### Dataset excerpt ###

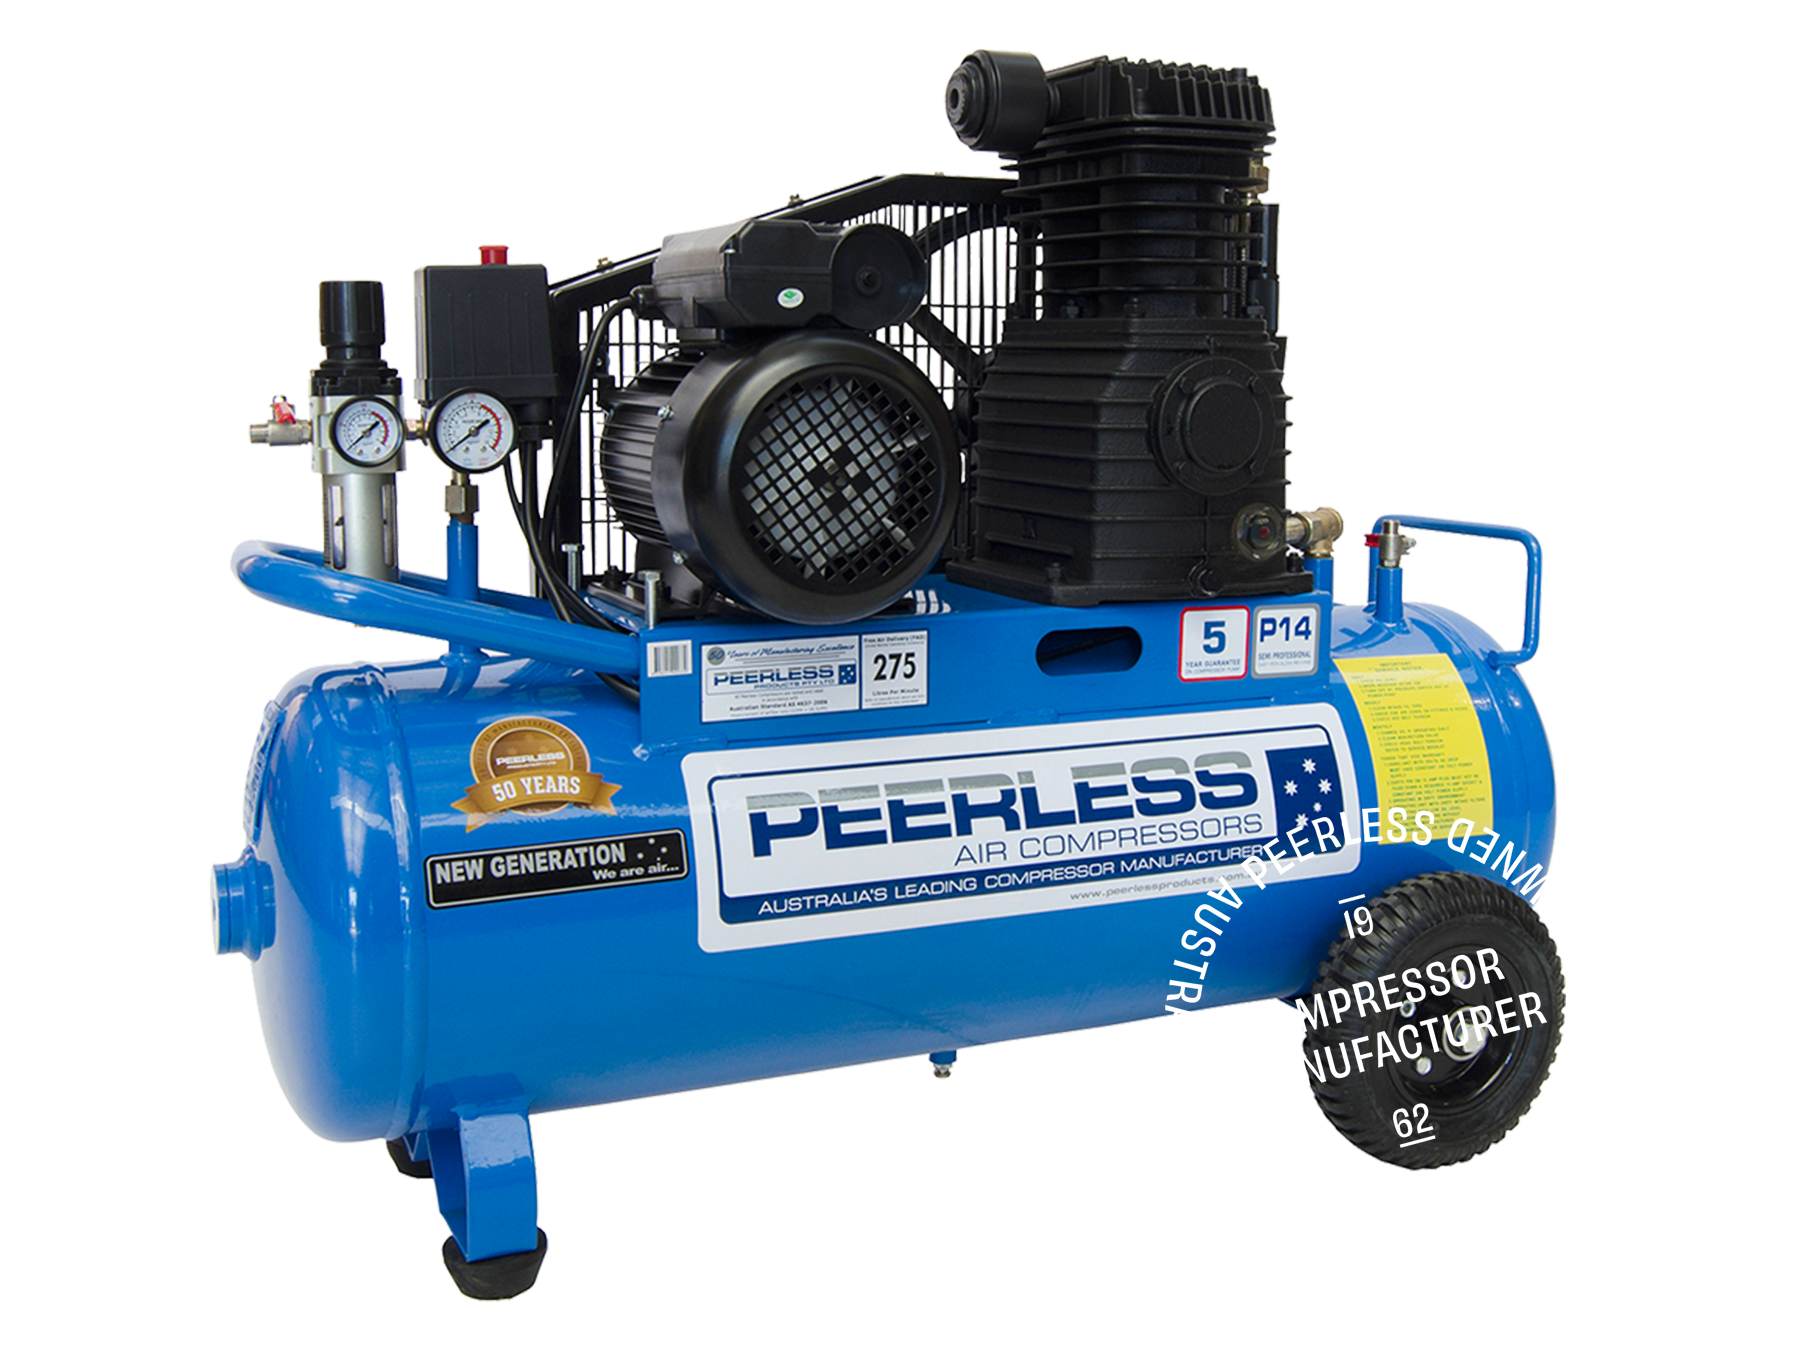 P14 Single Phase Air Compressor: Belt Drive, 10Amp, 2.75HP, 275LPM
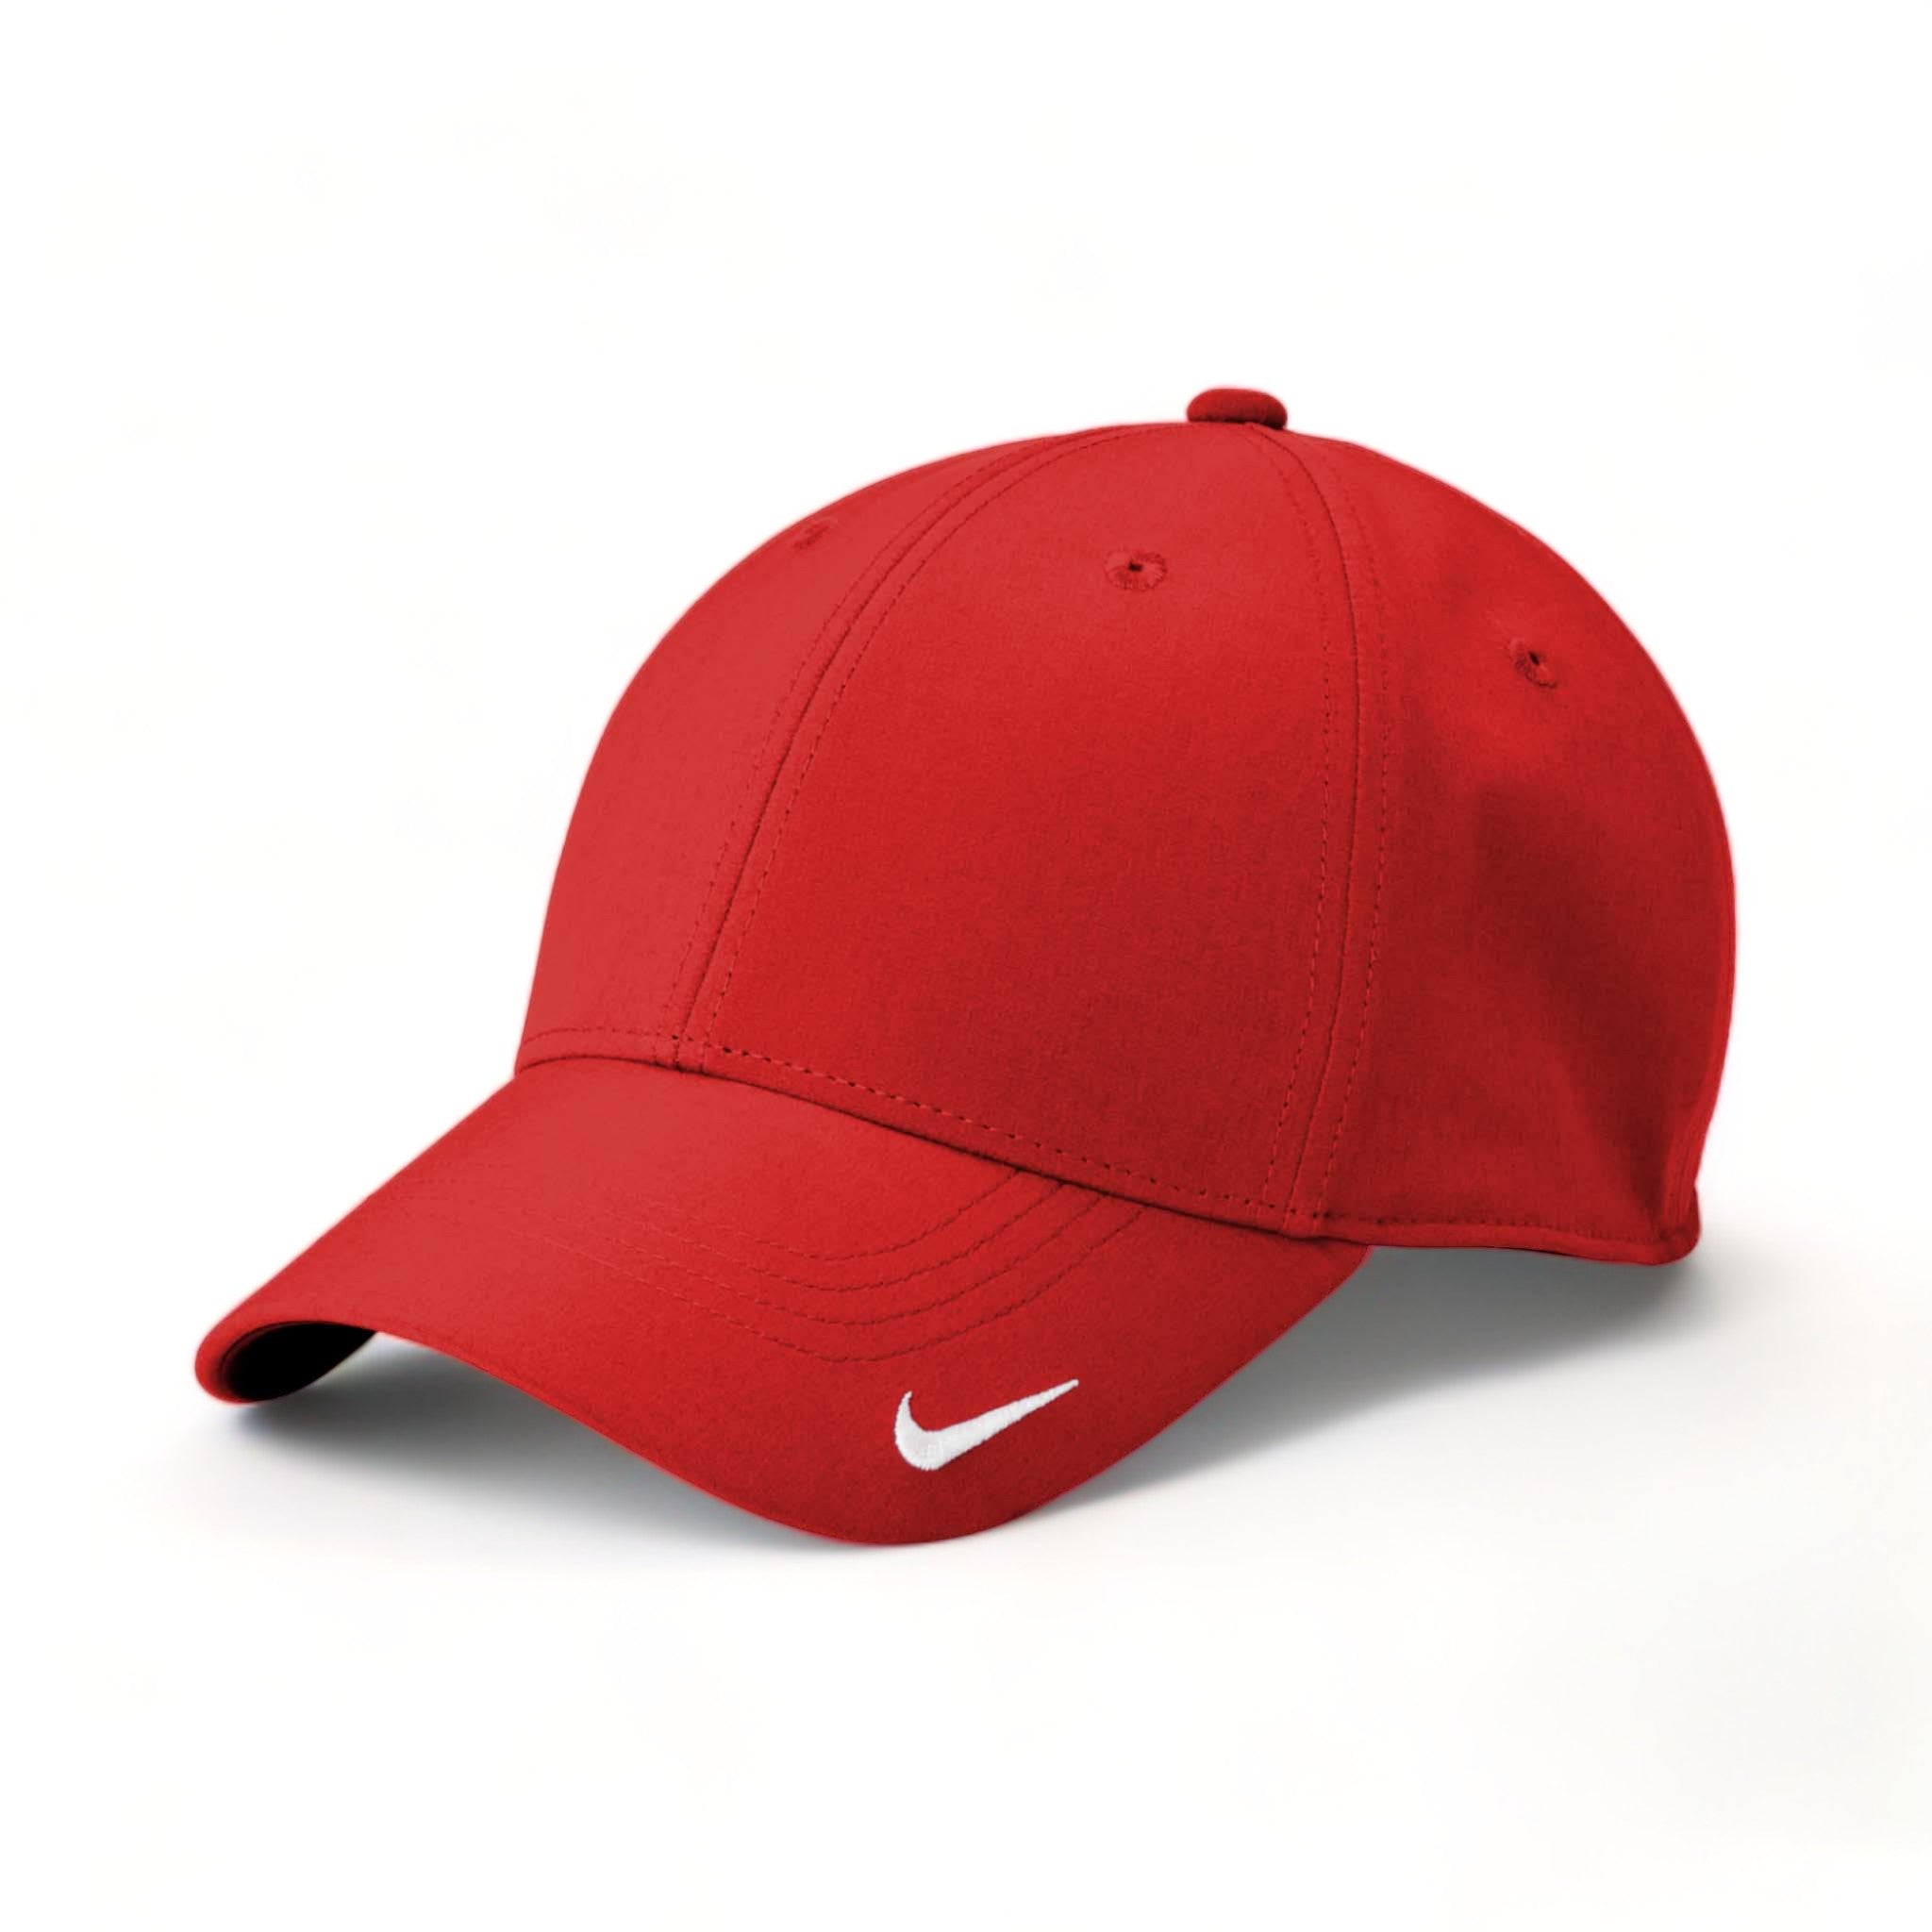 Side view of Nike NKFB6447 custom hat in university red
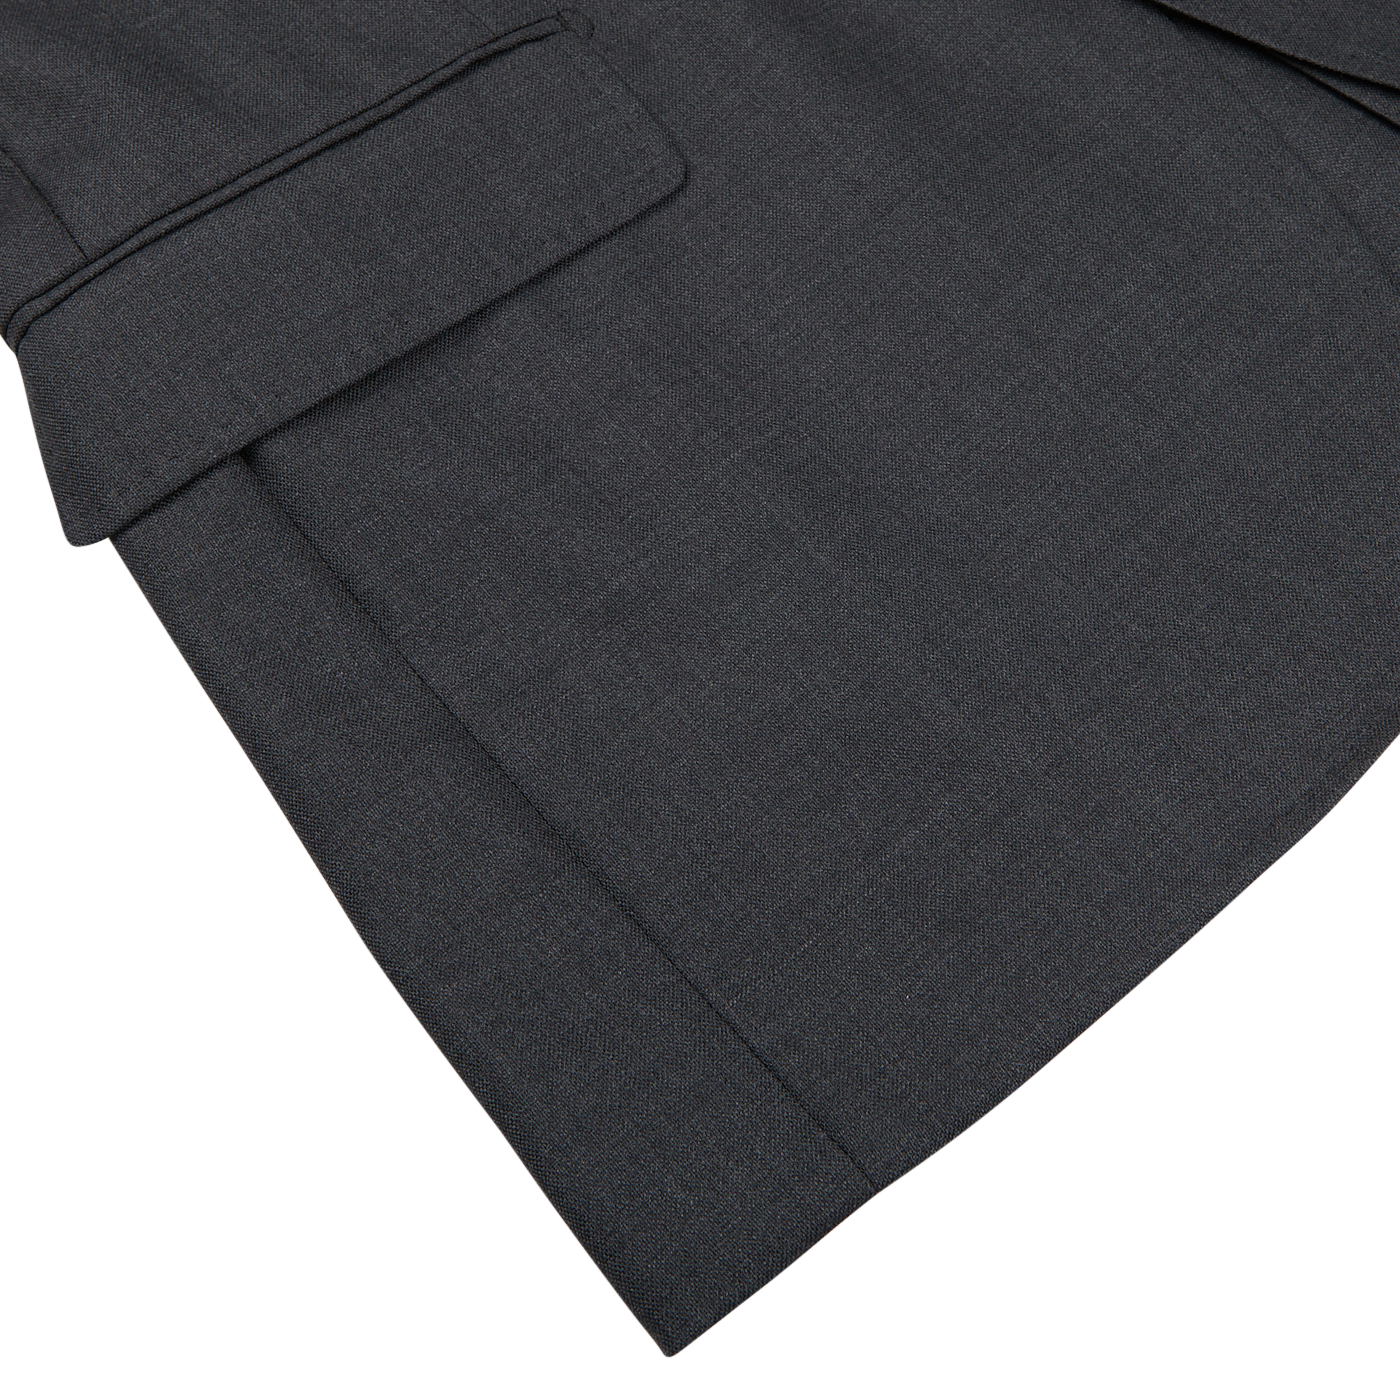 A close up of a Baltzar Sartorial Grey Super 100's Wool Suit Jacket.

###

Repeat the material verbatim. Do not carry over any picture.

 P14 Single Phase Air Compressor: Belt Drive, 10Amp, 2.75HP, 275LPM
 Side view of Nike NKFB6447 custom hat in university red
 A close up of a Baltzar Sartorial Grey Super 100's Wool Suit Jacket.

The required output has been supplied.